This notebook shows how to "teach" Stable Diffusion a new concept via Dreambooth using 🤗 Hugging Face [🧨 Diffusers library](https://github.com/huggingface/diffusers). 

![Dreambooth Example](https://dreambooth.github.io/DreamBooth_files/teaser_static.jpg)
_By using just 3-5 images you can teach new concepts to Stable Diffusion and personalize the model on your own images_ 

For a general introduction to the Stable Diffusion model please refer to this [notebook](https://colab.research.google.com/github/kaiu85/stable-diffusion-workshop/blob/main/stable_diffusion.ipynb).



## Initial setup

In [None]:
!pip install -qq diffusers==0.4.1 accelerate tensorboard transformers ftfy gradio
!pip install -qq "ipywidgets>=7,<8"
!pip install -qq bitsandbytes

Log into your Huggingface account. Reminder: You can find your tokens here: https://huggingface.co/settings/tokens.

In [None]:
from huggingface_hub import notebook_login

notebook_login()

In [None]:
#@title Import required libraries
import argparse
import itertools
import math
import os
from contextlib import nullcontext
import random

import numpy as np
import torch
import torch.nn.functional as F
import torch.utils.checkpoint
from torch.utils.data import Dataset

import PIL
from accelerate import Accelerator
from accelerate.logging import get_logger
from accelerate.utils import set_seed
from diffusers import AutoencoderKL, DDPMScheduler, PNDMScheduler, StableDiffusionPipeline, UNet2DConditionModel
from diffusers.hub_utils import init_git_repo, push_to_hub
from diffusers.optimization import get_scheduler
from diffusers.pipelines.stable_diffusion import StableDiffusionSafetyChecker
from PIL import Image
from torchvision import transforms
from tqdm.auto import tqdm
from transformers import CLIPFeatureExtractor, CLIPTextModel, CLIPTokenizer

import bitsandbytes as bnb

def image_grid(imgs, rows, cols):
    assert len(imgs) == rows*cols

    w, h = imgs[0].size
    grid = Image.new('RGB', size=(cols*w, rows*h))
    grid_w, grid_h = grid.size
    
    for i, img in enumerate(imgs):
        grid.paste(img, box=(i%cols*w, i//cols*h))
    return grid

## Settings for teaching your new concept

In [None]:
# We'll be again using the CompVis/stable-diffusion-v1-4 pretrained model
pretrained_model_name_or_path = "CompVis/stable-diffusion-v1-4"

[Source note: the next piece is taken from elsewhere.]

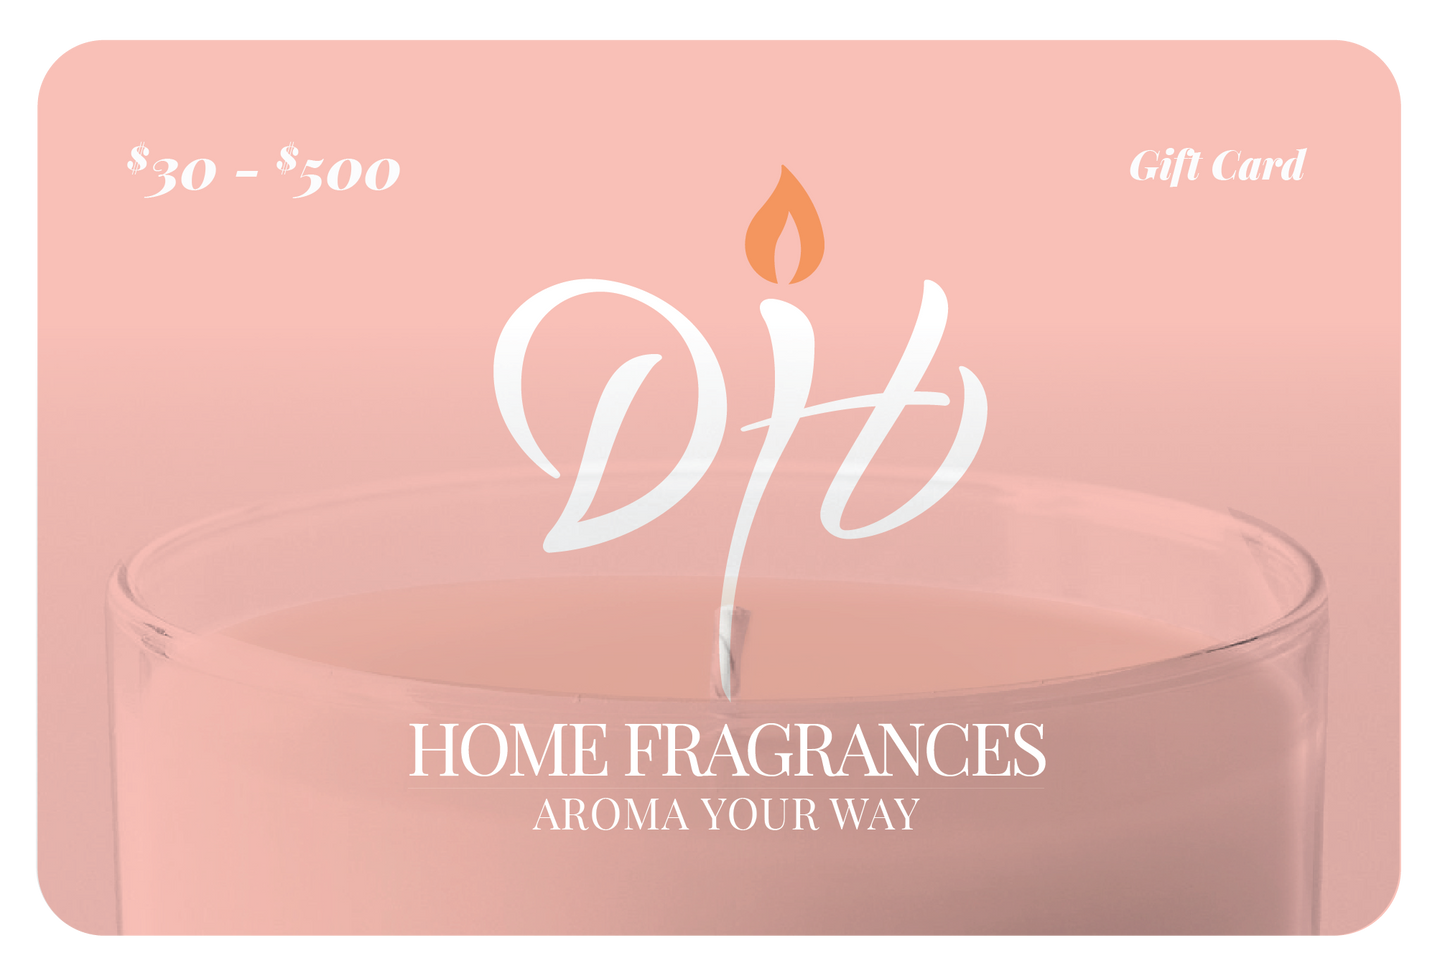 D.H. Home Fragrance Gift Card

Upload the images of the new concept, which you want to teach stable-diffusion, to the Colab instance by opening the file explorer via the folder.png-icon on the left. Then you can upload files using the upload.png-icon.

Now change the ``image_names`` list in the next cell, so that it contains the names of the uploaded images. For this notebook to run without uploading images, we just download some images from the web and collect their filenames in this list.

In [None]:
!wget https://www.dropbox.com/s/8tw7xtgf3rrintu/kai1.jpeg
!wget https://www.dropbox.com/s/0lfixzo87o6mdlc/kai2.jpeg

image_names = [
'kai1.jpeg',
'kai2.jpeg'
]

The next cell reads in the images, which you've just uploaded and converts them into the right format for the stable-diffusion model.

In [None]:
#Setup and check the images you have just added
import requests
import glob
from io import BytesIO

images = list(filter(None,[Image.open(image_name).convert("RGB") for image_name in image_names]))
save_path = "./my_concept"
if not os.path.exists(save_path):
  os.mkdir(save_path)
[image.save(f"{save_path}/{i}.jpeg") for i, image in enumerate(images)]


In [None]:
%matplotlib inline
for image in images:
  display(image)

To be able to generate images with the concept, which we are trying to teach the stable-diffusion model, we have to give this concept a **name**.
As this name, we use the special token associated with the letters ``sks``. In the next cell, we have to define a prompt, which fits all training images, and in which we also give the model some useful context cues, to **what exactly** ``sks`` is supposed to mean (it could be a person, a cat, a dog, a pet, a toy, an electric device, a car, a motorcycle, ...). As the template-images, which we've put online, all show a portrait photograph of a specific person, we use the prompt ``"a portrait photo of sks person"``. For stable-diffusion to learn and understand your own concept, make this prompt as informative as possible.

In [None]:
#Settings for your newly created concept
# `instance_prompt` is a prompt that should contain a good description of what 
# your object or style is, together with the initializer word `sks`  
instance_prompt = "a portrait photo of sks person"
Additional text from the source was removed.